HandelontheLaw.com Staff Writer

Wednesday, August 27, 2014



Recording Customer Service Calls
Customer Service Representative

Some consumers record their calls to customer service departments for several reasons: recordings provide proof of poor customer service, such as leaving the caller on hold too long or failing/refusing to resolve a customer’s problem; a customer service representative who knows he/she is being recorded is likelier to provide better customer service; and for laughs, when shared to show just how god-awful customer service can be.

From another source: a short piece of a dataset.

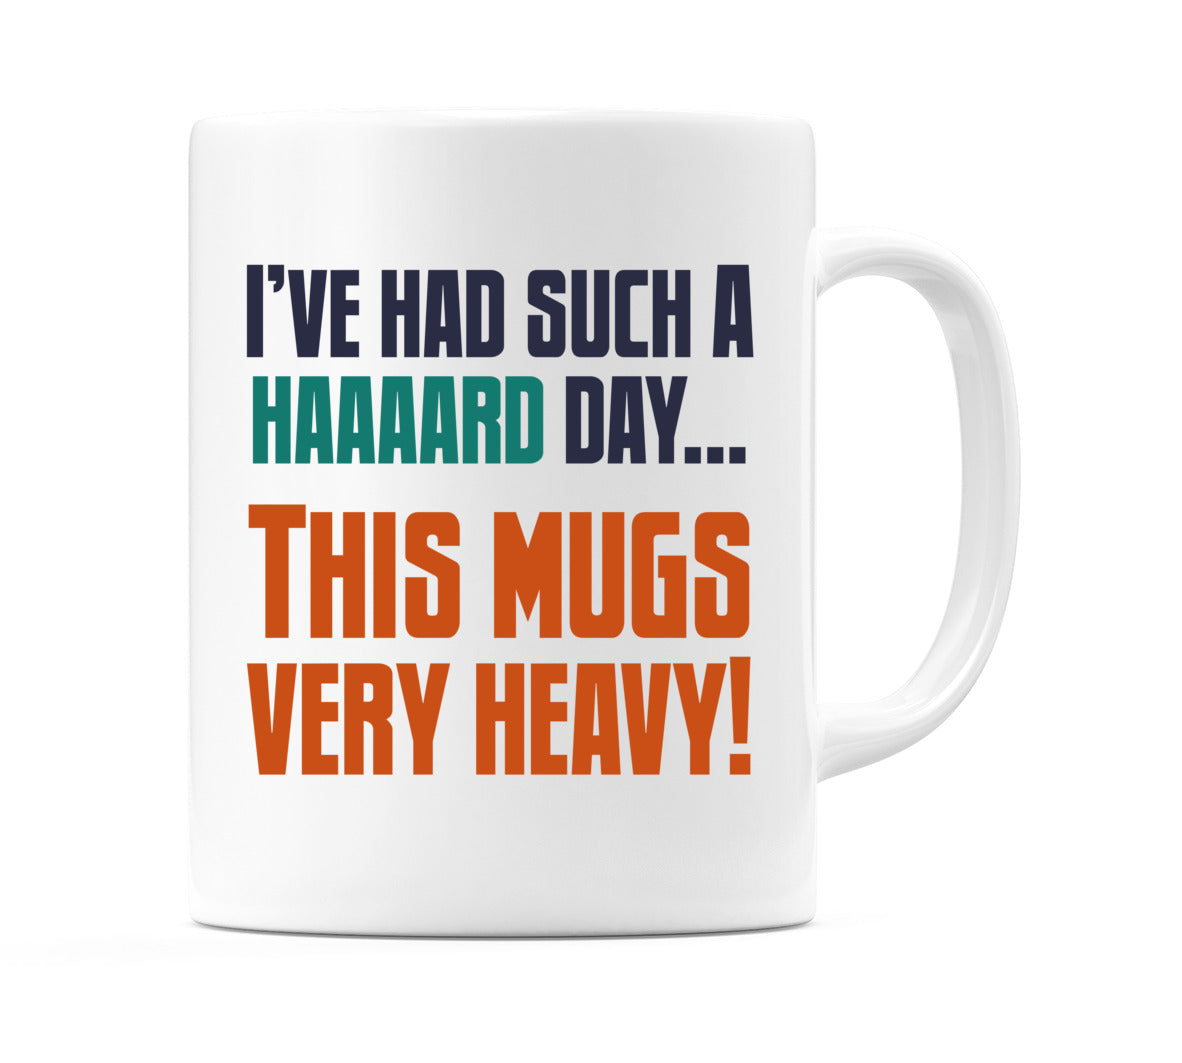 I've Had Such a Haaaard Day... This Mugs Very Heavy! Mug

There are certain issues to consider when recording customer service. First, you should find your state law on recording conversations. Depending on your state and that of the customer service representative, you may need consent of one or both of you to avoid civil and/or criminal penalties. Federal law, 39 states and the District of Columbia allow recording if at least 1 party to the conversation knows it is being recorded. However, the consent of every party to the conversation is required for legally recording it in 11 states (though Illinois’ consent law was ruled unconstitutional this year). You can check your state’s recording laws here:
http://www.dmlp.org/legal-guide/state-law-recording and here:
http://www.rcfp.org/reporters-recording-guide/tape-recording-laws-glance

Secondly, you should obtain any legally required consent. If you do not know the state in which your customer service representative is working, treat the conversation as though the consent of all parties to the call is required. Furthermore, some convincingly argue that customer service calls with the beloved recorded message, “For quality control purposes, this call may be monitored or recorded” (or the like) assume your consent to being recorded if you remain on the line; therefore, the consent of both parties can be assumed. With or without that message, you should advise the customer service representative that you are recording the call.

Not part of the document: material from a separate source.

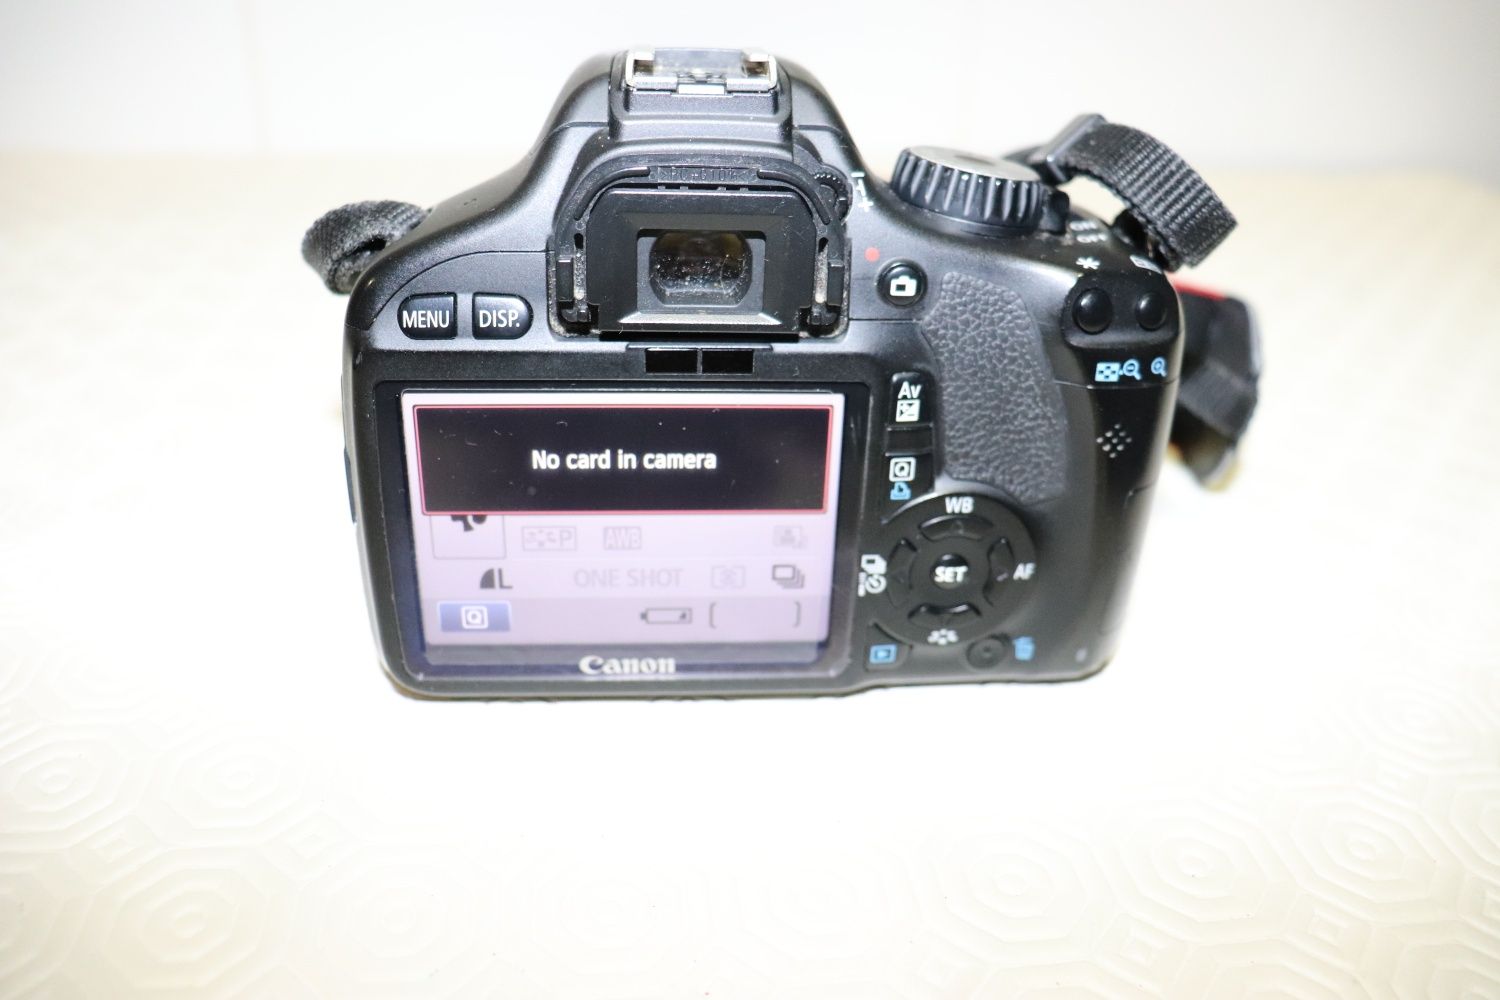 Canon EOS 550 D / kiss x4

Third, you should record the customer service representative’s consent. The ideal process is to advise him/her you are going to record the conversation, obtain his/her consent, then turn on the recording device and ask him/her to confirm his/her consent before getting into the gist of your conversation. The idea is to avoid a secretive and possibly illegal recording.

Following those steps may be overkill because the customer service representative could not care less if you record it. However, the steps help safeguard you from civil/criminal penalties for illegally recording.

DO’S AND DON’TS

DO check your state’s laws on recording conversations here:
http://www.dmlp.org/legal-guide/state-law-recording and here:
http://www.rcfp.org/reporters-recording-guide/tape-recording-laws-glance

DO obtain the legally required consent of all necessary parties to the conversation.

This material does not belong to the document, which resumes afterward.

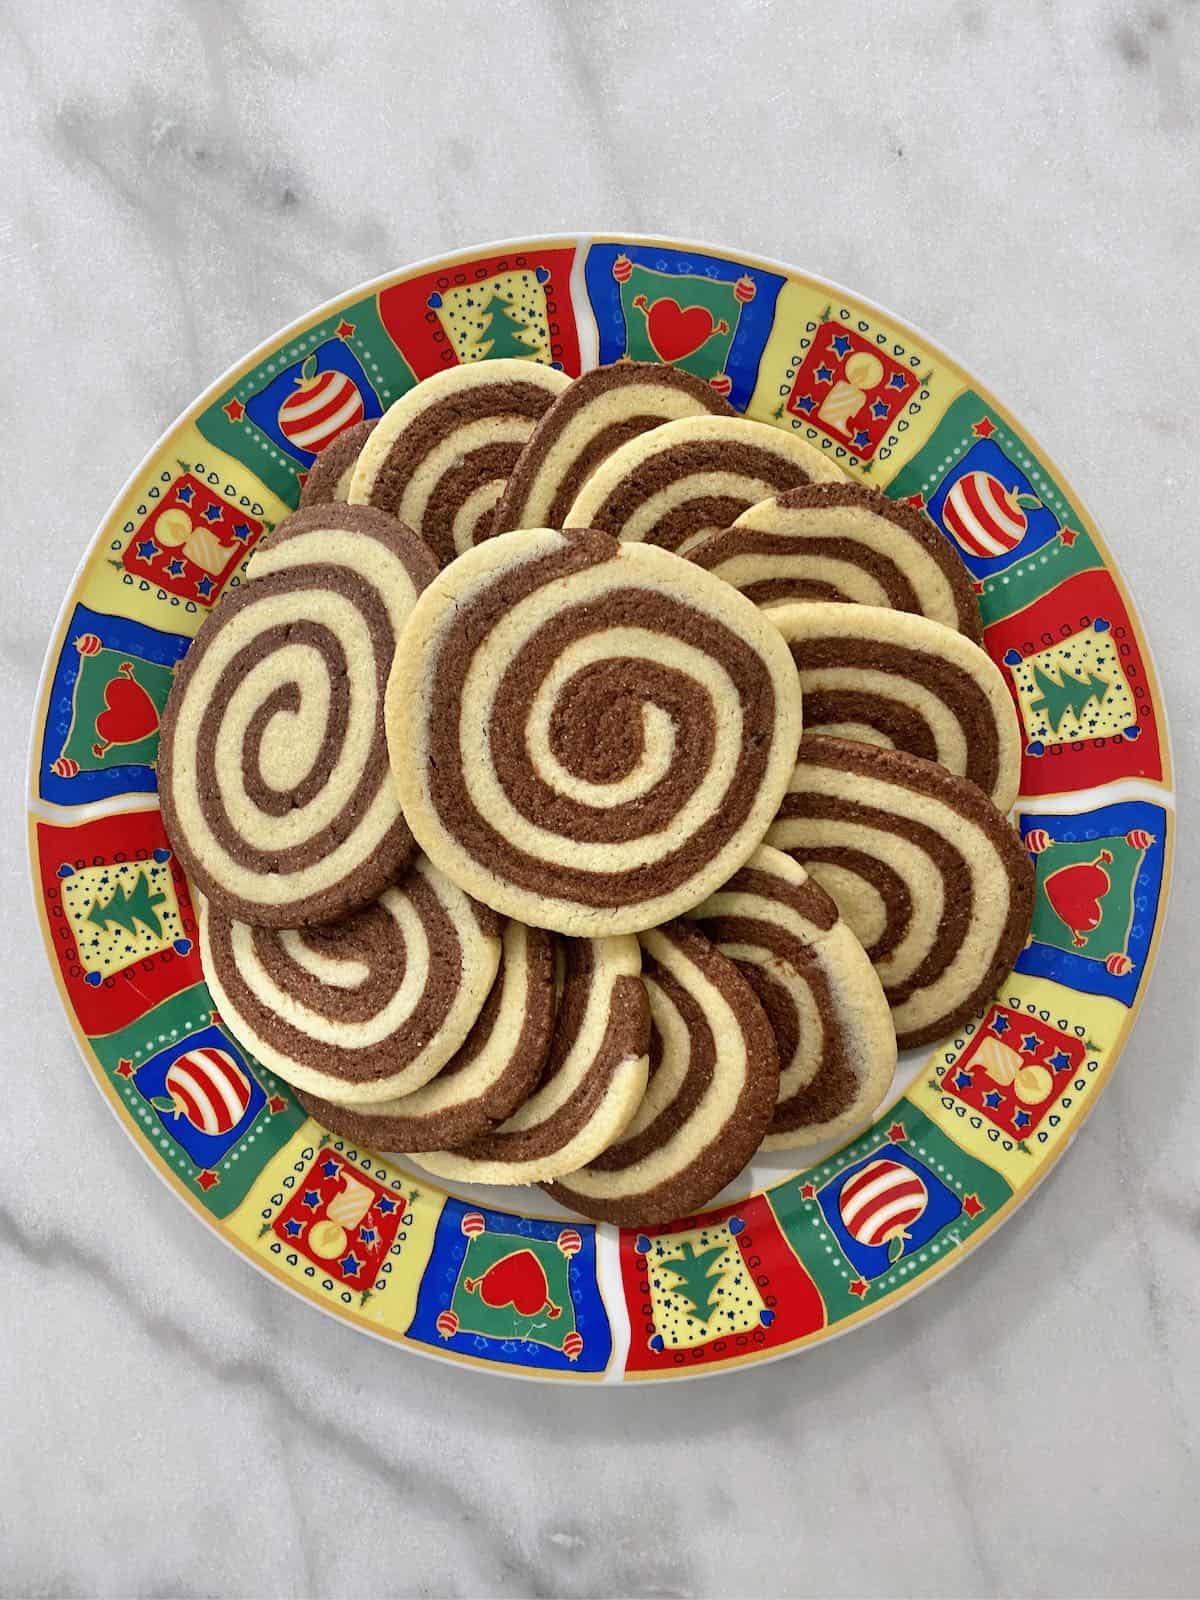 Pinwheel cookies on a Christmas plate

DO tape the other parties’ consent(s) to the conversation.

DON’T covertly tape the conversation.

By Kathy Catanzarite


Source: Kathy Catanzarite - Handelonthelaw.com Staff Writer

Note from HandelontheLaw.com: This article is to be used as an educational guide only and should not be interpreted as a legal consultation. Readers of this article are advised to seek an attorney if a legal consultation is needed. Laws may vary by state and are subject to change, thus the accuracy of this information can not be guaranteed. Readers act on this information solely at their own risk. Neither the author, handelonthelaw.com, or any of its affiliates shall have any liability stemming from this article.